The feature-level represents the initial stage of process planning, where geometric data such as CAD models, B-Rep structures, or point clouds are interpreted from a manufacturing perspective to obtain meaningful information. Since subsequent tasks, including process planning, tool selection, and assembly structure derivation, directly rely on the information extracted at this stage, the accuracy and consistency of the feature-level serve as fundamental factors that determine the overall quality of the CAPP pipeline. Among its detailed tasks, feature recognition is a representative one, referring to the automatic identification of manufacturing features such as holes, pockets, slots, ribs, and chamfers from CAD geometry [88,87,88,89,90,91,92,93]. This process is not a simple geometric classification but a critical function that extracts semantic units required for assessing manufacturability, thereby linking CAD geometry with manufacturing knowledge. The feature-level also includes another independent task, manufacturing process identification, which interprets the identified features in a manufacturing context. Manufacturing process identification determines which manufacturing process can be applied to each recognized feature and requires a higher degree of manufacturing knowledge integration than feature recognition [94, 95].
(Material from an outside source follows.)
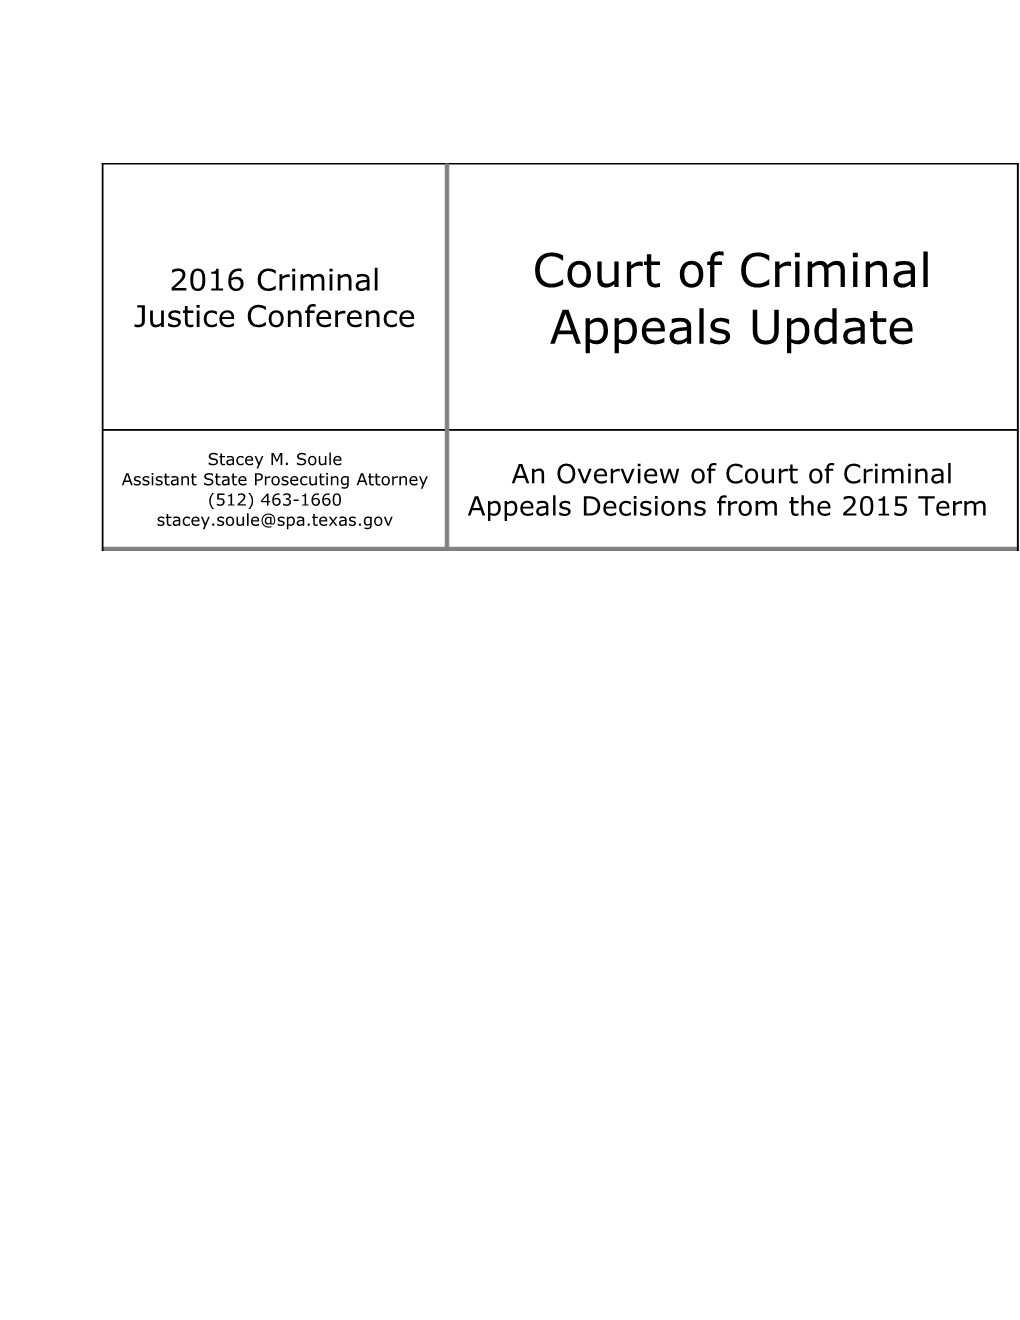 Court of Criminal Appeals Update

The operation-level defines the actual manufacturing tasks based on the information obtained from the feature-level and represents the stage in which the greatest variety of decision-making activities occurs within the process planning framework. At this level, working steps are explicitly formulated, and the manner in which each task will be executed, the resources required, and the conditions under which the task will be operated are determined in detail. Under this objective, the operation-level comprises several tasks with distinct functional roles, including machining process planning, tool and resource selection, and process parameter optimization. Machining process planning determines how and in what sequence the recognized features will be machined, encompassing a range of subproblems such as process selection, sequence generation, setup planning (fixture orientation and clamping strategy), and candidate path generation [98,97,98,99,100,101,102,103]. Subsequently, tool and resource selection addresses the choice of tools, machines, fixtures, and measurement devices required to execute the machining operations, playing an essential role in ensuring both feasibility and efficiency [100, 105,104,105]. Finally, process parameter optimization improves machining performance by optimizing cutting conditions such as speed, feed, and depth of cut, along with cooling parameters, machining time, and quality indicators [108,107,108].
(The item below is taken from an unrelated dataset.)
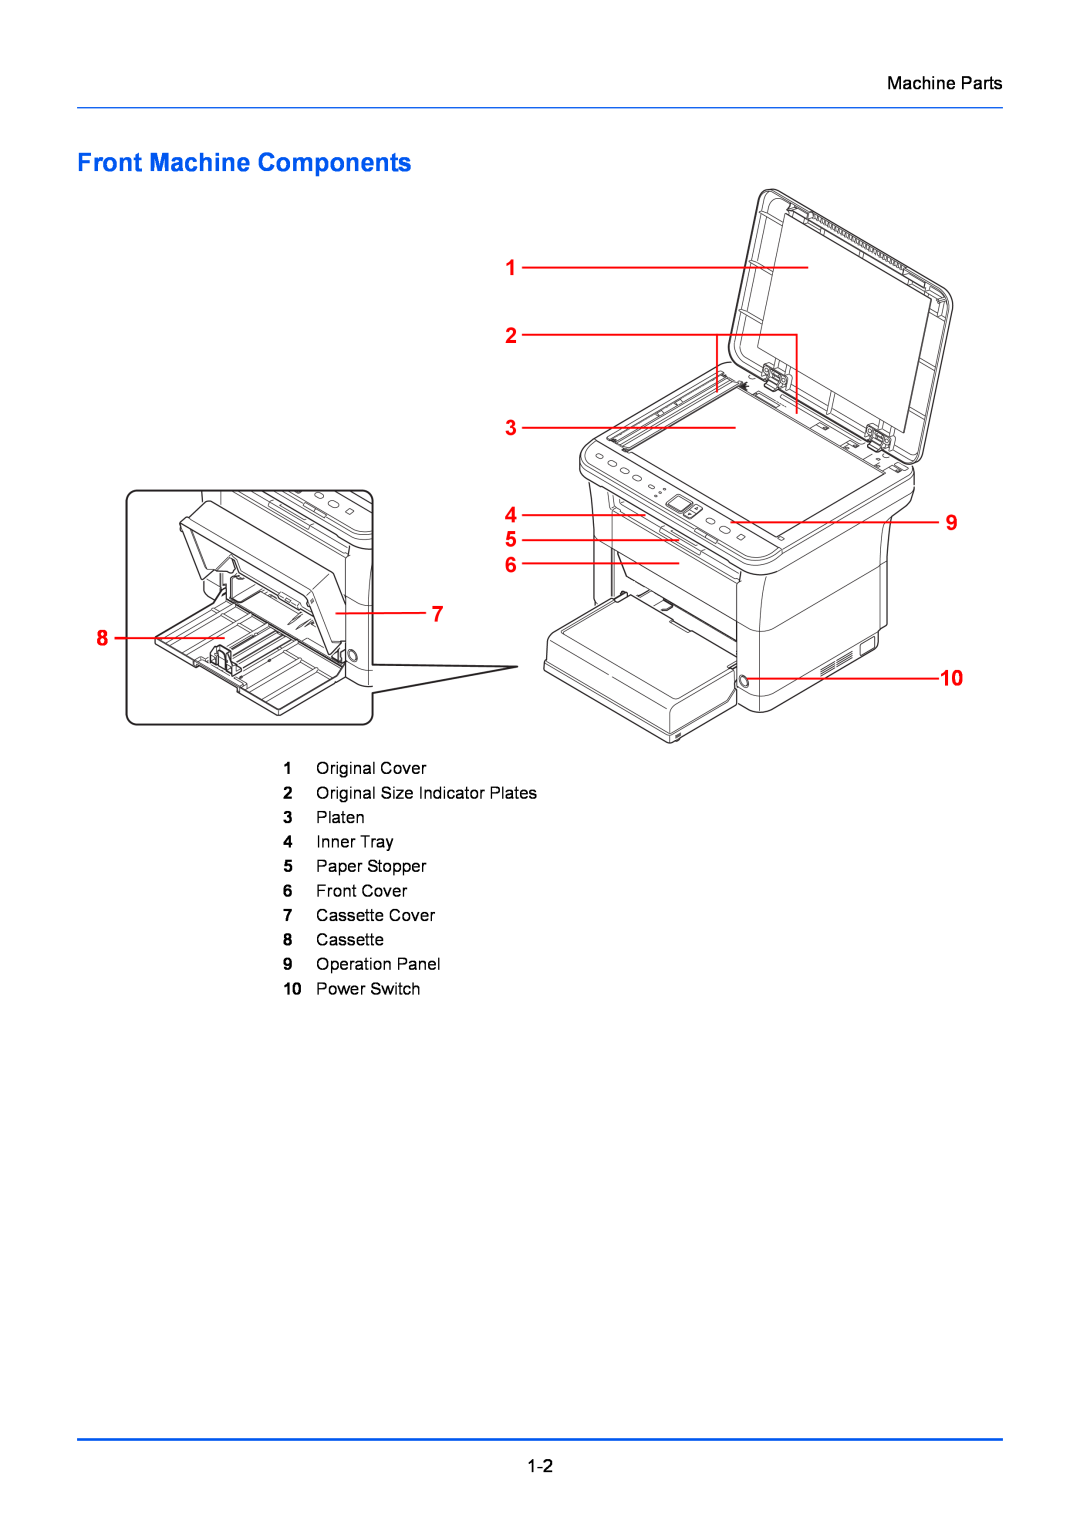 Kyocera FS-1020MFP manual Front Machine Components, Original Cover 2 Original Size Indicator Plates 3 Platen, Machine Parts

The system-level defines the overarching manufacturing structure of the entire product, representing a high-level planning stage that considers not individual operations or working steps but the overall process flow, resource allocation, and system-wide constraints [84]. From this perspective, the system-level encompasses several upper-level tasks that determine the manufacturing framework of the product, including assembly process planning, Macro CAPP, and integrated process planning and scheduling (IPPS). Assembly process planning analyzes the structural composition of the product and determines the assembly sequence, assembly resources, and assembly constraints, thereby ensuring consistency and feasibility in the overall assembly flow [111,110,111,112]. Following this, Macro CAPP serves as a higher-level planning activity that determines the manufacturing route of the entire product, evaluates process alternatives, and configures equipment layouts and resource flows, supporting strategic decision-making at the manufacturing system-level [97, 105, 115,114,115]. Lastly, IPPS treats process planning and production scheduling as a unified problem, constituting a key approach for balancing plan executability with overall production efficiency [84, 118,117,118].
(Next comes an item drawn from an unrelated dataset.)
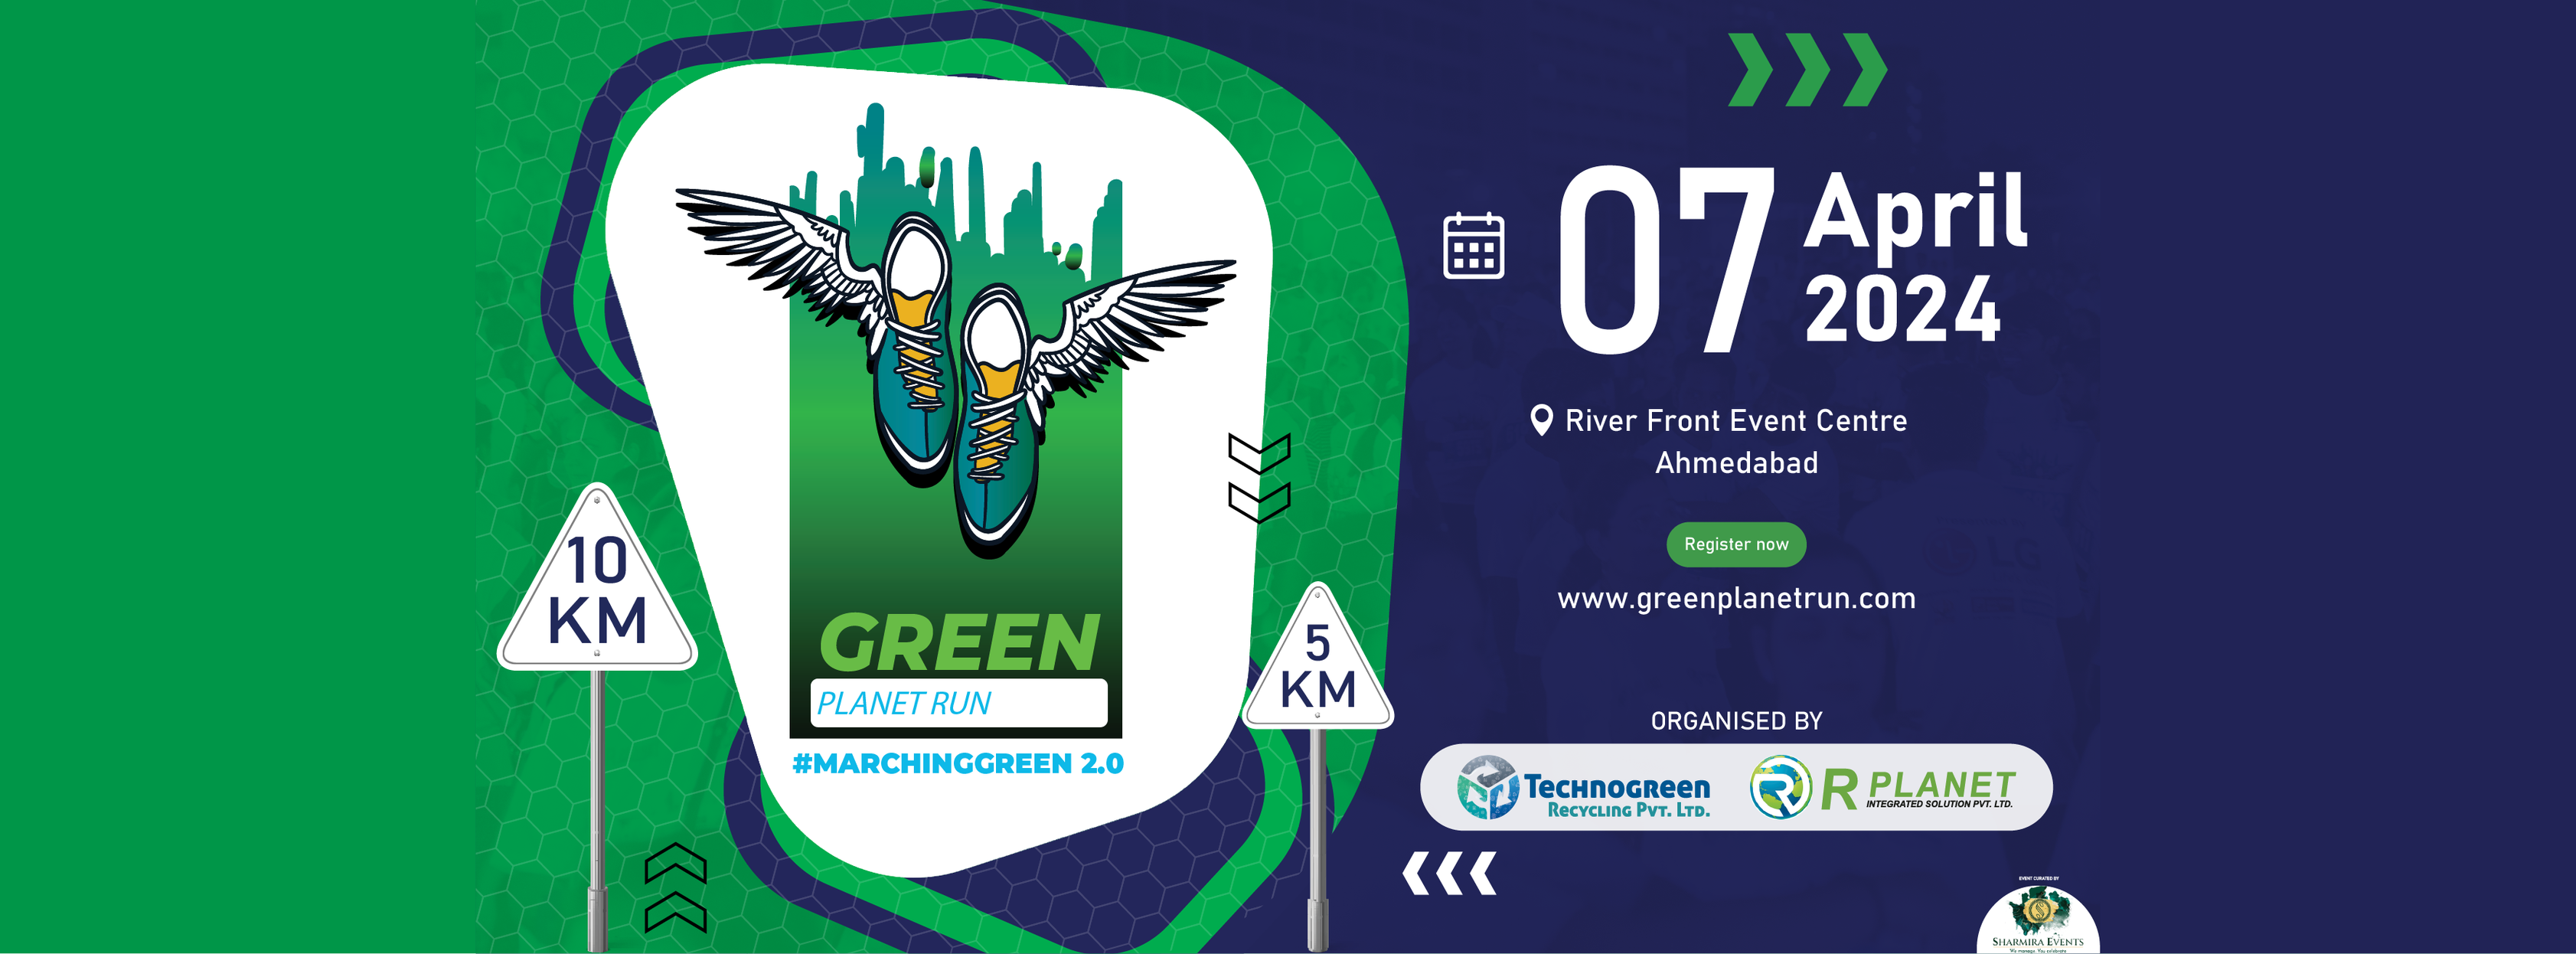 Green Planet Run 2024 - Marching Green 2.0

2.2.2 CAPP Spectrum of Technical Approaches in CAPP

The technical approaches applied in CAPP research vary depending on task characteristics and the form of decision-making required. Rule-based methods construct decision logic using explicit knowledge such as manufacturing rules, constraints, and geometric or process mappings, and they are primarily applied to tasks that require determining whether specific conditions are satisfied. Related literature has addressed tasks such as STEP-based manufacturing feature recognition (AFR) for rotating parts [93], volumetric feature classification and recognition for free-form surfaces with support for milling machine selection [102] and generating and evaluating assembly plan alternatives by integrating process monitoring plans into assembly planning [112]. However, rule-based approaches strongly depend on predefined rules and the scope of feature representations, and the approach itself can be constrained for geometries or conditions that are not covered by those representations. For example, Al-Wswasi et al. explicitly state that SI-AFR is limited to recognizing planar and circular surface-based features and thus cannot include free-form surface features, and that the internal and external separation procedure is not valid for internal geometries based on spherical or conical surfaces [93]. Consequently, rule-based approaches can exhibit limitations in that it is difficult to generalize and apply the same logic when the assumed geometric representations and rule conditions do not hold.

Optimization-based approaches specify quantifiable objective functions such as time, cost, quality, and energy, and perform decision-making by exploring optimal or near-optimal solutions under constraints. That is, since the objective function provides criteria for comparing and selecting alternatives, it is particularly advantageous when multiple process alternatives coexist or conflicting criteria must be considered simultaneously. Specifically, studies have proposed a decision support system combining fuzzy CBR and fuzzy AHP for cutter planning and control [104], a multi-criteria evaluation that considers time, cost, accuracy, tool life, and surface roughness in machining process planning evaluation [106], and a solution search that applies a learning-induced hybrid genetic algorithm and multi-neighbor search to minimize makespan and total weighted tardiness in integrated process planning–scheduling (IPPS) for reconfigurable manufacturing cell environments [116]. However, optimization-based approaches can yield different solution ranges depending on the settings of the objective function and constraints. Furthermore, if real-world constraints and variability are not sufficiently modeled, the applicability of derived solutions may be limited. Hu et al. explicitly state that because real assembly and testing workshops face diverse disturbances and constraints, it is necessary to consider additional constraints and dynamic scheduling [116]. Therefore, optimization-based approaches can be limited when real-world factors exist that are not captured by the objective function and constraints, which can restrict the applicability of the explored solutions in the field [119].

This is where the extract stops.